_What you have to do_
Take the line containing "Estate John Hardy" and every line after it to the end of the data, and write them out exactly as they appear.

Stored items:
——
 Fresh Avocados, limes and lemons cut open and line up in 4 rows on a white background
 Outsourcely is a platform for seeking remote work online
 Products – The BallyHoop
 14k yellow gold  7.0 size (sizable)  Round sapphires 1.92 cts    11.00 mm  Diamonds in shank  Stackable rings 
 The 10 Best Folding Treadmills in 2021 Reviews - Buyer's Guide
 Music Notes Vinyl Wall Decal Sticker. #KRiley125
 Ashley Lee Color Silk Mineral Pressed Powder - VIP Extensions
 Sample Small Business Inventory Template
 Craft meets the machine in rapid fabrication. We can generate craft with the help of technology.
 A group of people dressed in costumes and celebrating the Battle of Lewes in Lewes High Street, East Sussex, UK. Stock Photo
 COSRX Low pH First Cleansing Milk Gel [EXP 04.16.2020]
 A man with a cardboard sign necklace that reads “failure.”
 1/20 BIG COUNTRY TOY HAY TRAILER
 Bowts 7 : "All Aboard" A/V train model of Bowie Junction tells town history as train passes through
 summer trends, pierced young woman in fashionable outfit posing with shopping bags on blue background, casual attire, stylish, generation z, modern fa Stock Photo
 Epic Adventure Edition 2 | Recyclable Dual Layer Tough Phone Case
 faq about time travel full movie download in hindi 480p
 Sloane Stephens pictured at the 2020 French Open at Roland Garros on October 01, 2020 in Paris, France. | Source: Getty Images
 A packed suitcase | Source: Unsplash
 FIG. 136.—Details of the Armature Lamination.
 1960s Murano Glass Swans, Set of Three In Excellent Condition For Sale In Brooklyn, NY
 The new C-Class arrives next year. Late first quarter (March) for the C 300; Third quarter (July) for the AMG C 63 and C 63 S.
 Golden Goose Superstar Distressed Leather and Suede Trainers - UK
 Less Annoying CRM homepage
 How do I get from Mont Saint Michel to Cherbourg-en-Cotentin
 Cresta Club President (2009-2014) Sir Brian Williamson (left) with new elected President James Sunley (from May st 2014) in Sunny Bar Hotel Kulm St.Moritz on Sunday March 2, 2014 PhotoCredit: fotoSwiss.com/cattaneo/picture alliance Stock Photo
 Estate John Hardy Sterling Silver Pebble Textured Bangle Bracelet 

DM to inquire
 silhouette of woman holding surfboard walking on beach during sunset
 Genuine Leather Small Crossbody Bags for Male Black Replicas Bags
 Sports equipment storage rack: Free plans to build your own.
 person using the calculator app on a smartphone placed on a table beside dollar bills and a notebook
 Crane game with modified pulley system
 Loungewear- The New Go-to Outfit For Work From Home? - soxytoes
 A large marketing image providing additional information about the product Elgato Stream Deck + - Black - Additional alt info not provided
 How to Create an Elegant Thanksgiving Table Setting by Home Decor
——
_Output for this task_
 Estate John Hardy Sterling Silver Pebble Textured Bangle Bracelet 

DM to inquire
 silhouette of woman holding surfboard walking on beach during sunset
 Genuine Leather Small Crossbody Bags for Male Black Replicas Bags
 Sports equipment storage rack: Free plans to build your own.
 person using the calculator app on a smartphone placed on a table beside dollar bills and a notebook
 Crane game with modified pulley system
 Loungewear- The New Go-to Outfit For Work From Home? - soxytoes
 A large marketing image providing additional information about the product Elgato Stream Deck + - Black - Additional alt info not provided
 How to Create an Elegant Thanksgiving Table Setting by Home Decor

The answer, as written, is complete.